Although there are a few examples of Chaos corrupted Greenskins, in _Codex: Daemonhunters_ for example.


----------



## TheReverend (Dec 2, 2007)

That's a good point, Khorne would certainly suit them to a T but if you aleady have Gork and Mork why look further...

But then, you could say that about the Imperium, you have the god emporer so why look further? 

I guess you can't just go around corrupting everyone in the 40k universe, things would get boring.


----------



## Buttons (Jan 23, 2012)

TheReverend said:


> That's a good point, Khorne would certainly suit them to a T but if you aleady have Gork and Mork why look further...
> 
> But then, you could say that about the Imperium, you have the god emporer so why look further?
> 
> I guess you can't just go around corrupting everyone in the 40k universe, things would get boring.


The problem is with humans Choas offers them something the GEOM doesn't, Slaanesh offers them pleasure, Nurgle gets rid of their pain, etc. Orks don't care about stuff humans do, all they care about is fighting, and while that may suit them to follow Khorne, they already have Gork and Mork.


----------



## vipertaja (Mar 20, 2010)

In ancient fluff pretty much all races had some that turned to chaos it seemed. 

In more recent fluff I recall some mutated orks that worshipped Nurgle. It probably had something to do with them seeing him as green. :grin:

By and large Orks don't worship chaos, but such a thing seems to have happened on some rare occasion.


----------



## Words_of_Truth (Sep 20, 2007)

No one remember the nurgle orks that popped up during a white dwarf? Always had a possessed Tau Ethereal to tho..


----------



## Child-of-the-Emperor (Feb 22, 2009)

Words_of_Truth said:


> No one remember the nurgle orks that popped up during a white dwarf?

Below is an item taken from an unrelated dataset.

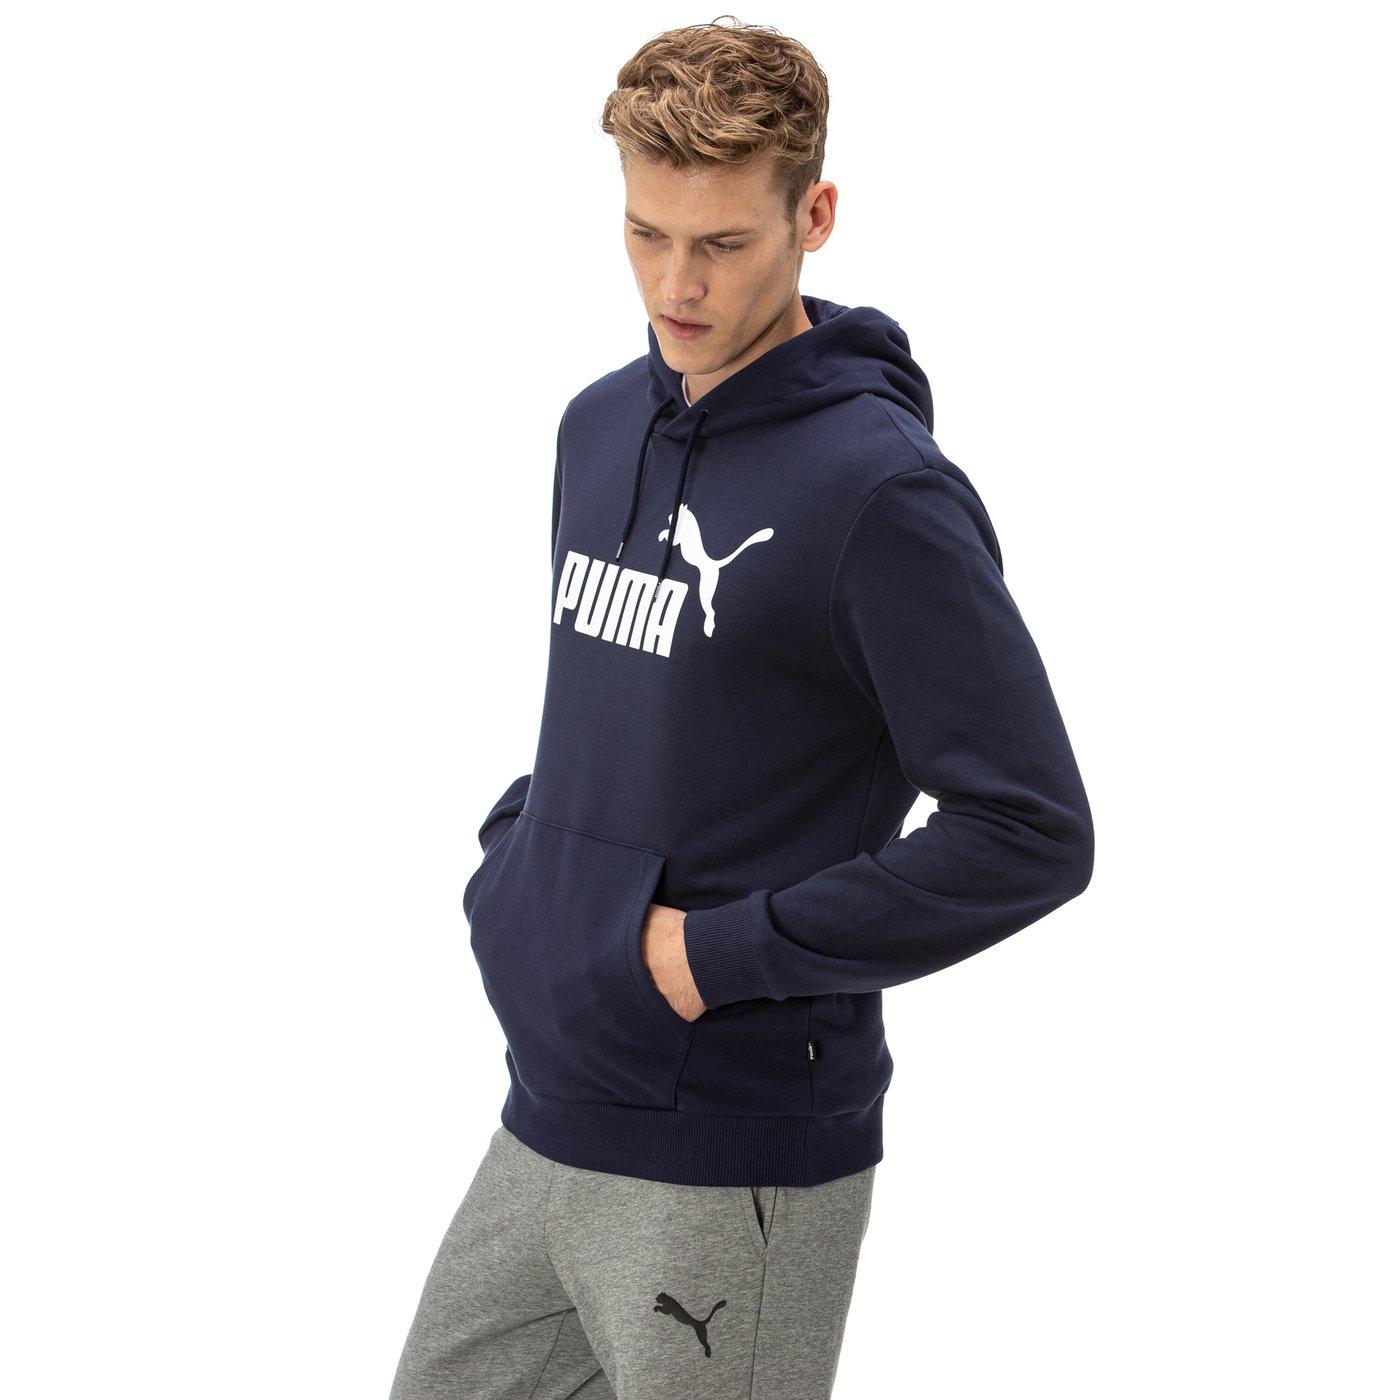 Puma Ess Hoody Tr Big Logo Erkek Lacivert Sweatshirt

They were part of the _Codex: Daemonhunters_ adversary list IIRC.


----------



## Uveron (Jun 11, 2011)

Lexicanum lists the Warboss Garshul the Destroyer as being Possessed by a Daemon, and I sorta rember rules for it back in 3rd edd in one of the WD lists


----------



## demon bringer (Oct 14, 2008)

i think alot of it just got out dated or ret coned by new fluff but i also remember reading that the phsychic powers of the orks doesn't come from the warp. its something they produce themselves when in large numbers. and this is what weird boys use for their phsychic attacks by tapping into it


----------



## HOGGLORD (Jan 25, 2012)

If you're asking this because your creating an army, go for it Khorne + Nurgle all the way, awesome conversions to be made! If you do, post some Pics!!!
If you're asking out of curiosity then look at other posts for the answer (Gork + Mork give them what they want etc...)


----------



## vipertaja (Mar 20, 2010)

Uveron said:


> Lexicanum lists the Warboss Garshul the Destroyer as being Possessed by a Daemon


Yes, for those who are wondering: Garshul the Destroyer is from the Bloodquest comic. In this case the keyword is possessed, as the daemon (prince) seemed to control the body of a dead warlord to lead the ork army and ally them with his own chaos marines. The daemon prince isn't named as I recall.


----------



## Chompy Bits (Jun 13, 2010)

Other than the examples listed, I can only think of one bit of fluff regarding Orks inluenced by the warp, and that is a small mention in the Orks codex of a daemon using a weirdboy as means of manifesting while the Orks were traveling through space.

_Codex: Orks_, p.18


> Travellin' through space is boring. Well, boring unless da hulk yer on is full of dem gene-sneakers, or a base fer da chaos lads wiv da spikes, or already has Boyz on it. Or if humie lootas come callin', that's always good fer a bit a sport. Or unless yer have a mutiny or two to pass da time, or unless strange fings start happenin', which dey usually do when yer out in da warp. One time we had some bloody great ugly fing come straight out of Weird Lugwort's 'ed! It butchered half da lads, that was pretty entertainin'. Come ter fink of it, space is a pretty good larf. And that's before yer find yerself a nice world ta crush!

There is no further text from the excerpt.